In our first example we’ll test the read speed of our 8GiB testfile, with the following options:

  • --name=benchmark1: Call this benchmark benchmark1

  • --rw=read: We’re doing a read benchmark, not write

  • --size=8g: Read 8GiB of the file.

  • --blocksize=4096: Read the file in 4096-byte blocks

  • --direct=1: Use non-buffered I/O, usually O_DIRECT. Instead of reading cached data from RAM, this forces direct disk access.

  • --numjobs=16: Spawn 16 independent threads or processes.
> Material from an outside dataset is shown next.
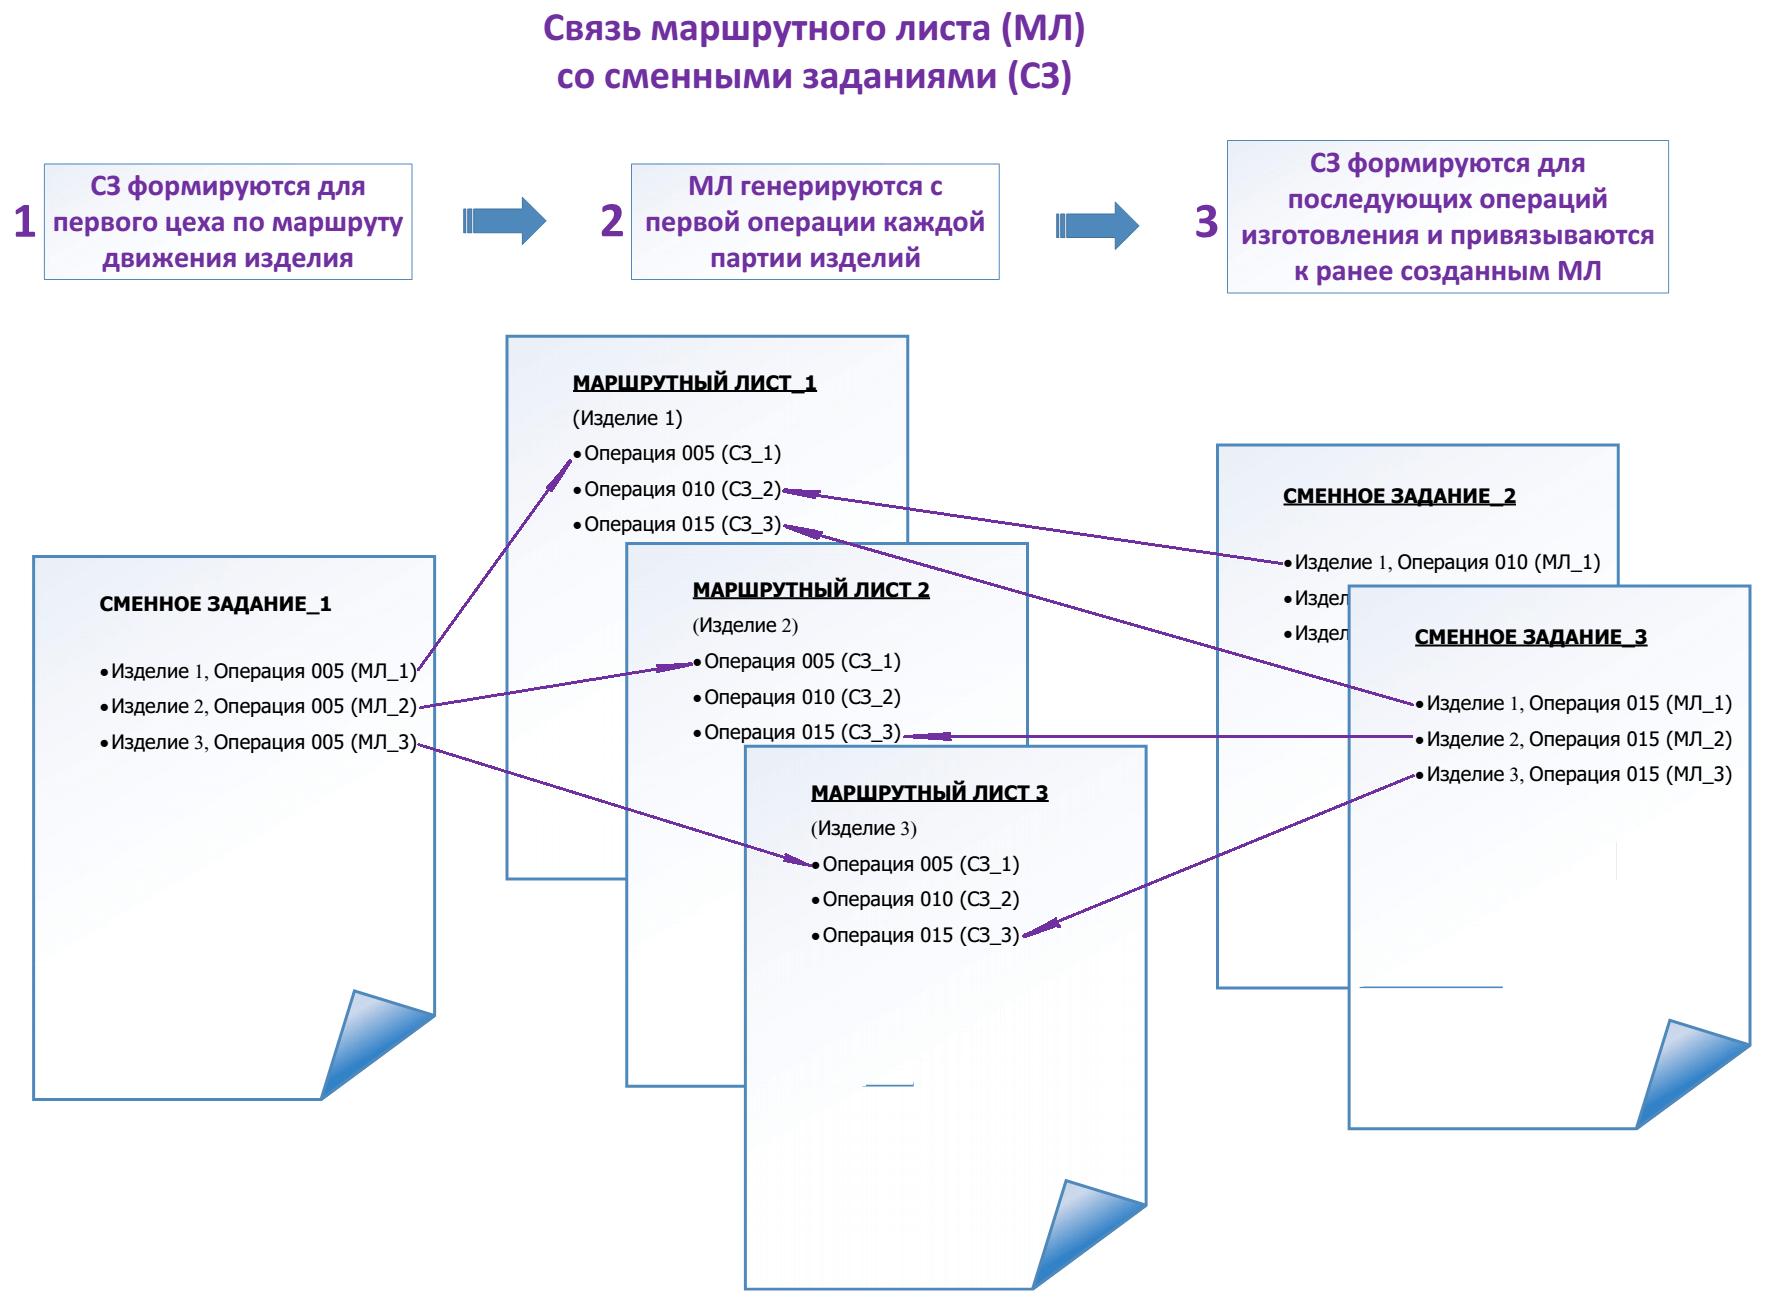 Сменные задания и маршрутные листы

fio --name=benchmark1 --filename=$HOME/benchmarks/testfile --rw=read --size=8g --blocksize=4096 --direct=1 --numjobs=16

Example:

[root@mawenzi-06 benchmarks]# fio --name benchmark1 --filename=$HOME/benchmarks/testfile --rw=read --size=8g --blocksize=4096 --direct=1 --numjobs=16
benchmark1: (g=0): rw=read, bs=(R) 4096B-4096B, (W) 4096B-4096B, (T) 4096B-4096B, ioengine=psync, iodepth=1
...
fio-3.35-116-gb311
Starting 16 processes
Jobs: 12 (f=12): [_(2),R(5),_(1),R(4),_(1),R(3)][100.0%][r=600MiB/s][r=154k IOPS][eta 00m:00s]
benchmark1: (groupid=0, jobs=1): err= 0: pid=86161: Mon Aug 21 15:55:15 2023
  read: IOPS=12.7k, BW=49.6MiB/s (52.0MB/s)(8192MiB/165226msec)
    clat (usec): min=31, max=536, avg=78.31, stdev=18.74
     lat (usec): min=31, max=536, avg=78.37, stdev=18.74
    clat percentiles (usec):
     |  1.00th=[   64],  5.00th=[   65], 10.00th=[   65], 20.00th=[   67],
     | 30.00th=[   67], 40.00th=[   68], 50.00th=[   71], 60.00th=[   81],
     | 70.00th=[   82], 80.00th=[   84], 90.00th=[  101], 95.00th=[  116],
     | 99.00th=[  153], 99.50th=[  167], 99.90th=[  208], 99.95th=[  229],
     | 99.99th=[  265]
   bw (  KiB/s): min=49760, max=52976, per=6.33%, avg=50800.87, stdev=471.92, samples=330
   iops        : min=12440, max=13244, avg=12700.21, stdev=117.97, samples=330
  lat (usec)   : 50=0.01%, 100=89.61%, 250=10.37%, 500=0.02%, 750=0.01%
  cpu          : usr=0.92%, sys=4.80%, ctx=2097155, majf=0, minf=11
  IO depths    : 1=100.0%, 2=0.0%, 4=0.0%, 8=0.0%, 16=0.0%, 32=0.0%, >=64=0.0%
     submit    : 0=0.0%, 4=100.0%, 8=0.0%, 16=0.0%, 32=0.0%, 64=0.0%, >=64=0.0%
     complete  : 0=0.0%, 4=100.0%, 8=0.0%, 16=0.0%, 32=0.0%, 64=0.0%, >=64=0.0%
     issued rwts: total=2097152,0,0,0 short=0,0,0,0 dropped=0,0,0,0
     latency   : target=0, window=0, percentile=100.00%, depth=1
...
...
...
...
...
...
benchmark1: (groupid=0, jobs=1): err= 0: pid=86162: Mon Aug 21 15:55:15 2023
  read: IOPS=12.7k, BW=49.5MiB/s (51.9MB/s)(8192MiB/165644msec)
    clat (usec): min=29, max=509, avg=78.52, stdev=18.82
     lat (usec): min=29, max=509, avg=78.58, stdev=18.82
    clat percentiles (usec):
     |  1.00th=[   64],  5.00th=[   65], 10.00th=[   66], 20.00th=[   67],
     | 30.00th=[   68], 40.00th=[   68], 50.00th=[   71], 60.00th=[   81],
     | 70.00th=[   82], 80.00th=[   84], 90.00th=[  101], 95.00th=[  116],
     | 99.00th=[  155], 99.50th=[  169], 99.90th=[  210], 99.95th=[  229],
     | 99.99th=[  262]
   bw (  KiB/s): min=49400, max=52760, per=6.31%, avg=50673.21, stdev=515.47, samples=331
   iops        : min=12350, max=13190, avg=12668.30, stdev=128.87, samples=331
  lat (usec)   : 50=0.01%, 100=89.48%, 250=10.51%, 500=0.01%, 750=0.01%
  cpu          : usr=0.90%, sys=4.67%, ctx=2097156, majf=0, minf=11
  IO depths    : 1=100.0%, 2=0.0%, 4=0.0%, 8=0.0%, 16=0.0%, 32=0.0%, >=64=0.0%
     submit    : 0=0.0%, 4=100.0%, 8=0.0%, 16=0.0%, 32=0.0%, 64=0.0%, >=64=0.0%
     complete  : 0=0.0%, 4=100.0%, 8=0.0%, 16=0.0%, 32=0.0%, 64=0.0%, >=64=0.0%
     issued rwts: total=2097152,0,0,0 short=0,0,0,0 dropped=0,0,0,0
     latency   : target=0, window=0, percentile=100.00%, depth=1

Run status group 0 (all jobs):
   READ: bw=784MiB/s (822MB/s), 49.0MiB/s-49.6MiB/s (51.4MB/s-52.0MB/s), io=128GiB (137GB), run=165226-167263msec

Disk stats (read/write):
  nvme0n1: ios=33540245/3, sectors=268321960/19, merge=0/0, ticks=2523457/1, in_queue=2523457, util=100.00%

Here we can see that we go, on average, 822MB/s, roughly ~50MB/s per process.